The present invention discloses a metabolic mass spectrometry screening method for diseases based on deep learning and the system thereof. The present invention is based on the prior metabolic mass spectrometry database, and by extracting and integrating specific types of metabolic mass spectrometry samples (such as a disease), which are applied to train a deep learning network, and make it be able to determinate a plurality of types or states simultaneously. Then applying the specific network into screening a real input metabolic mass spectrometry.

Description

    CROSS-REFERENCES TO RELATED APPLICATIONS
  • This application claims the priority of Chinese patent application no. 201610049879.8, filed on Jan. 25, 2016, the entire contents of all of which are incorporated herein by reference.
  • FIELD OF THE INVENTION
  • The present invention relates to the field of metabolic mass spectrometry screening, and more particularly, to a metabolic mass spectrometry screening method for diseases based on deep learning and the system thereof.
  • BACKGROUND
  • Metabolite is a general term of all small molecular organic compounds that completes metabolic processes in vivo, which contains a wealth of information about the physiological states. Metabolomics is based on a systematic study of metabolites as a whole, which may reveal a real mechanism behind a physiological phenomenon effectively, and may demonstrate a more complete dynamic state of a living body. Therefore, it has received more and more attentions, and has been widely applied to many scientific research and application fields. Mass spectrometry (MS) is one of the most important study tools for metabolomics, it may identify different metabolic substances effectively, and measure their relative concentrations exactly. Its data format is shown in FIG. 1 and FIG. 2. Diseases detection is one of the main application areas of metabolic MS. By measuring quantitatively the presences and abundance changes of targeted metabolites, it is possible to obtain richer and more complete physiological data than a traditional method, before making an effective judgment to the presence and development states of a disease, and finally helps doctors develop targeted treatment protocols.
  • The existing detection algorithms based on metabolic MS (such as those used in diseases detection or prediction), wherein, the processes contain three major steps: 1), Peak detection, the original MS is pretreated to eliminate noise interferences, and obtain a valid peak. Commonly used pretreatment algorithms include standardization, PCA whitening, ZCA whitening and more; 2) Peak annotation, determines the species of the specific metabolites corresponding to the targeted peak (group). This process is usually completed manually by lab personnel, however, in recent years, some automatic annotation algorithms have come out based on machine learning (ML) and artificial neural network (ANN) technologies, and have achievedpretty good effects; 3) disease determination, which is based on a biological markers database, through analyzing the appearance, disappearance, or concentration changes of certain metabolites, to predict the possible disease types and development status. The commonly used biological markers databases include the Small Molecule Pathway Database (SMPDB), the Human Metabolome Database (HMDB) and else, while the commonly used decision algorithms include the Support Vector Machine Classifier and else.

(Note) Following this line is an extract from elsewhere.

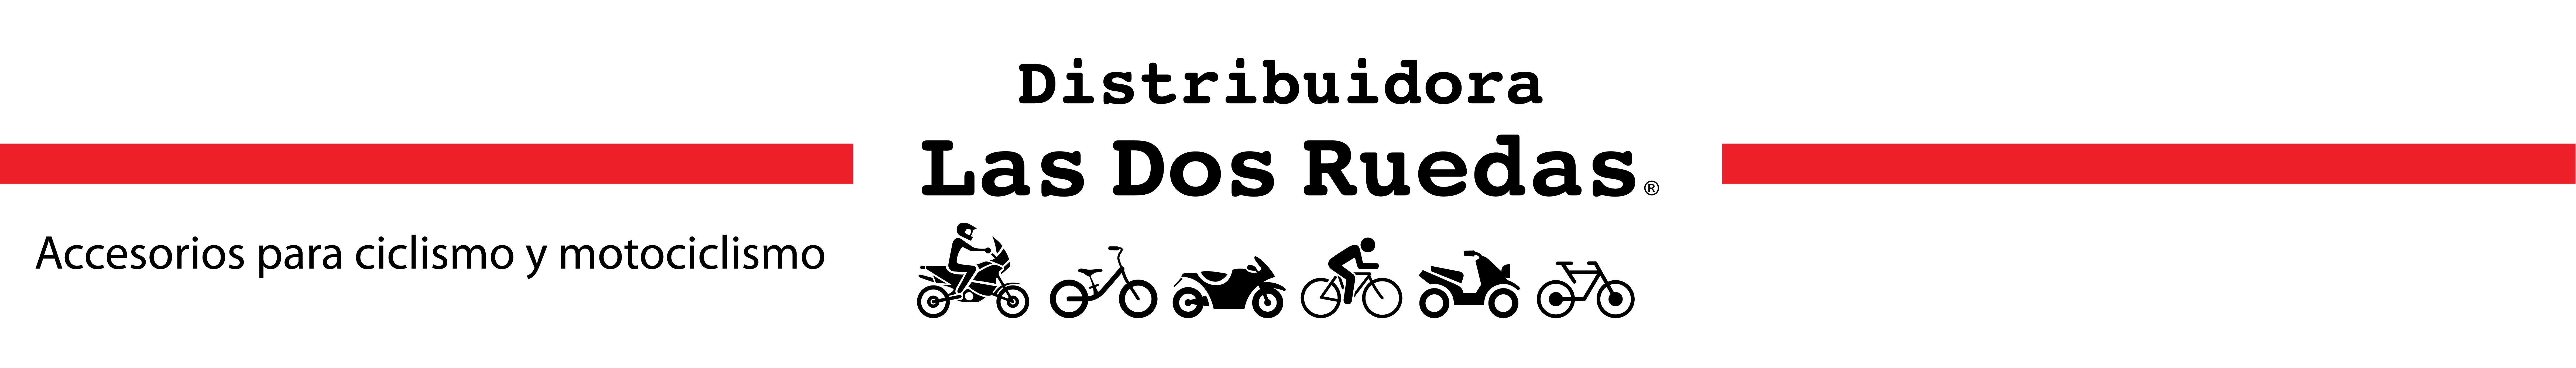 distribuidora-las-dos-ruedas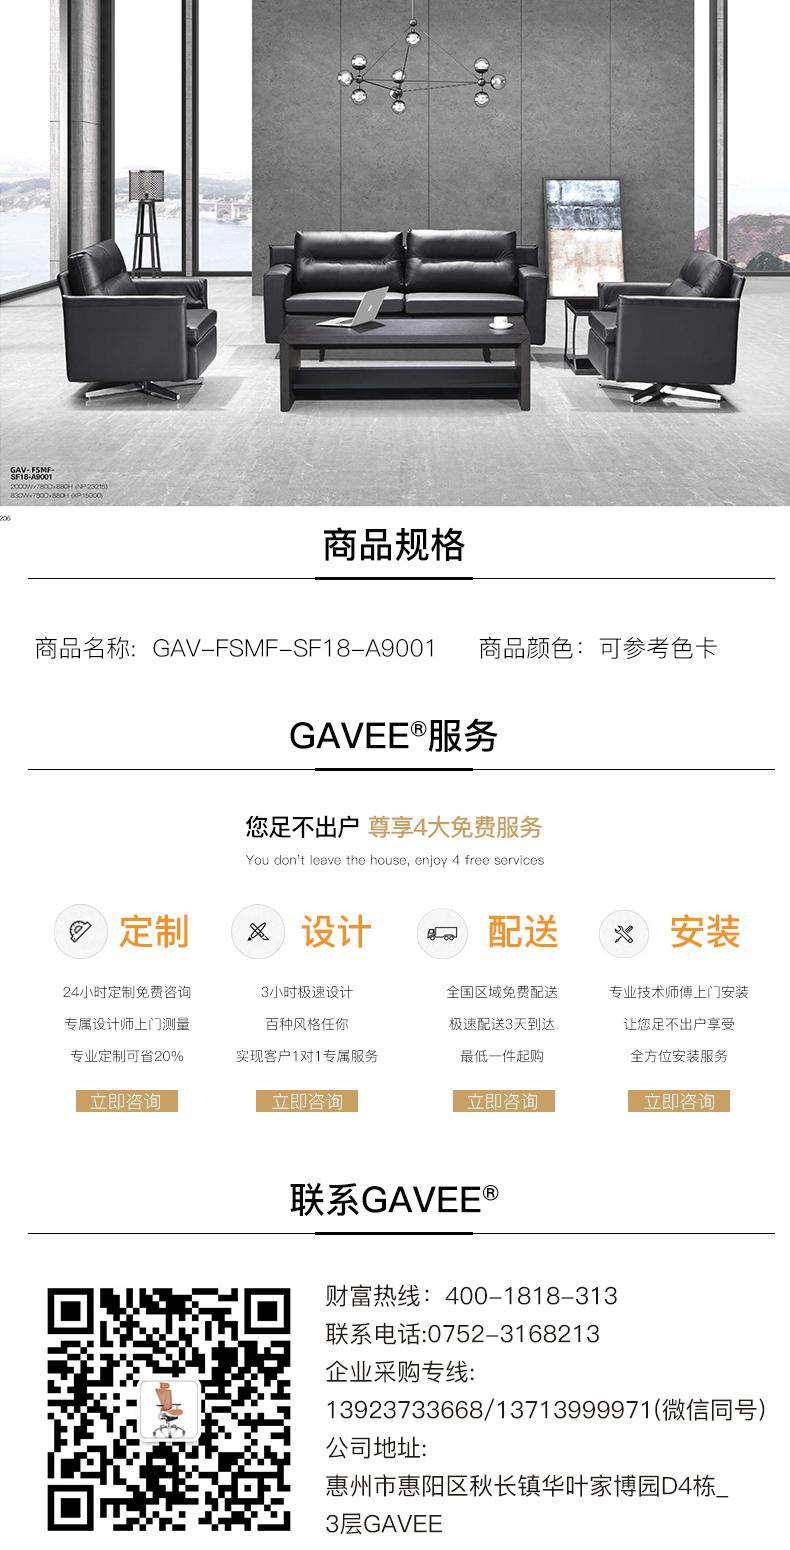 沙發茶幾系統GAV-FSMF-SF18-A9001.jpg

  • A deep learning network is one of the analysis methods at the forefront. It has a forecasting ability much better than a traditional algorithm for complex cognitive problems, and a good generalization performance, which may also determine the status of a plurality of targets simultaneously. It has attracted high attentions in academia and industry, and has been applied into important fields such as computer vision, audio signal recognition and else.
  • However, the existing detection methods based on metabolic MS have some defects.
  • First, the existing methods require determination and annotation to MS peaks, to decide the according metabolites species. This process usually requires deep involvements of professionals, although some automatic algorithms such as machine learning and else have been applied here, final determinations and adjustments to annotation results still require manual interferences, which has increased the application costs and difficulties. Additionally, since the current metabolomics acknowledges still have a lot missing, usually only less than a half number of peaks in an MS could be annotated successfully, and their average confidences are still pretty low. Therefore, it is impossible to predict a lot of states effectively.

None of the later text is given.